There are so many uses to Gunpowder beyond eating it with dosas and idlis. I like to think of it as the chilli crisp of South India because it's such a great flavor addition to almost anything you cook. This pasta takes under 15 minutes to make once your pasta water is boiling, so it's a lot of beautiful, complex flavor for very little effort. The combination of miso, butter, and Gunpowder makes the sauce deeply umam, nutty, and glossy, with a gentle kick of spice.  

Ingredients

 
  • ½ lb linguine or thin spaghetti
  • 6 tbsps of butter
  • 1 cup chopped shallots
  • 1/2 tsp salt
  • 1/2 tsp freshly ground black pepper.
  • 2 tbsp minced garlic
  • 2 tbsp minced ginger
  • 2 tbsp rice wine or apple cider vinegar
  • 1/2 tsp red chile flakes, or to taste
  • 1 tbsp toasted sesame oil
  • 1 tbsp miso paste
  • ½ cup torn basil leaves
  • 1 tbsp Gunpowder, plus more for garnish 

Methods

  1. Cook the pasta per package directions, till just al dente.
  2. While the pasta water boils, on medium heat, melt 3 tbsp of butter in a sauté pan.
  3. Once the butter is just melted and foamy, toss in the shallots, ½ teaspoon of salt and ½ teaspoon ground black pepper. Stir and sauté until glossy, about 2-5 minutes. 
  4. Add the garlic and ginger, stir for 1 minute. 
  5. Add the vinegar and stir for another minute.
  6. Add the miso paste and about ¾ cup of pasta water, and stir well. to dissolve the paste into the sauce.
  7. Add red pepper flakes, and continue to reduce the sauce by about half, 5-8 minutes.
  8. Add the remaining 2 tbsps of butter and 1 tbsp toasted sesame oil.

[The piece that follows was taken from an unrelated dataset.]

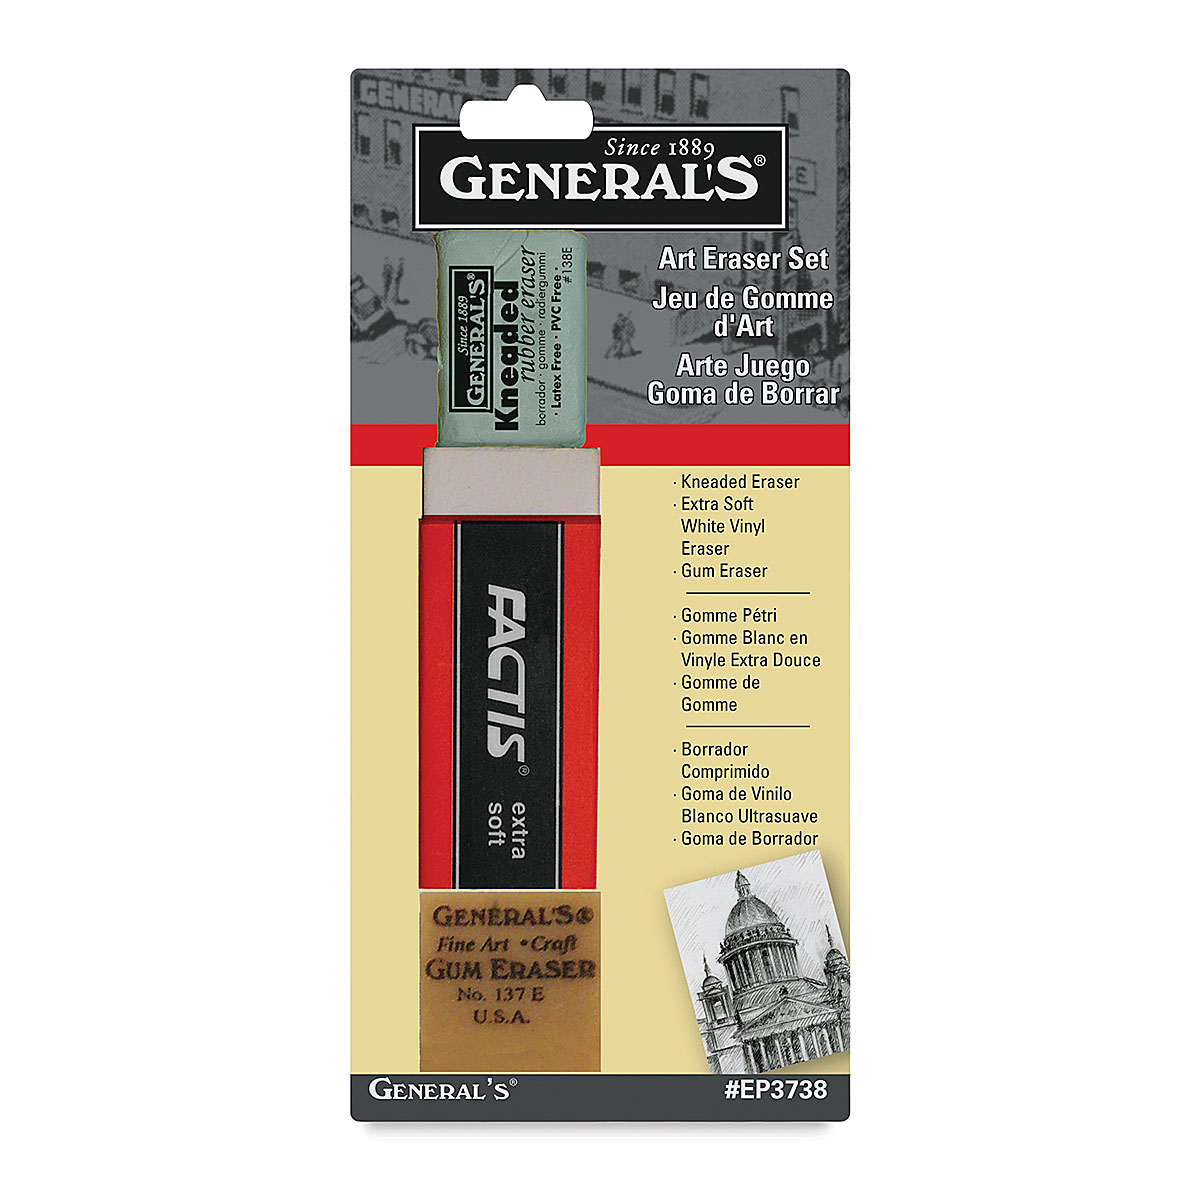 General's Pencil Kneaded Erasers

This will make the sauce glossy and help it cling to the noodles.
  9. Reserving an extra ½ cup of pasta water just in case, drain the al dente pasta and add to the skillet. 
  10. Toss the pasta into the sauce with tongs until coated evenly. If the pasta looks dry, add a small splash or two of pasta water to loosen the sauce. NOTE: You want the pasta barely al dente because it will continue to cook in the pan.
  11. After the pasta is combined with the sauce, stir in the torn basil leaves and 1 tbsp Gunpowder. Toss to combine.
  12. Serve immediately, garnishing each plate with a dusting of Gunpowder and a few torn basil leaves.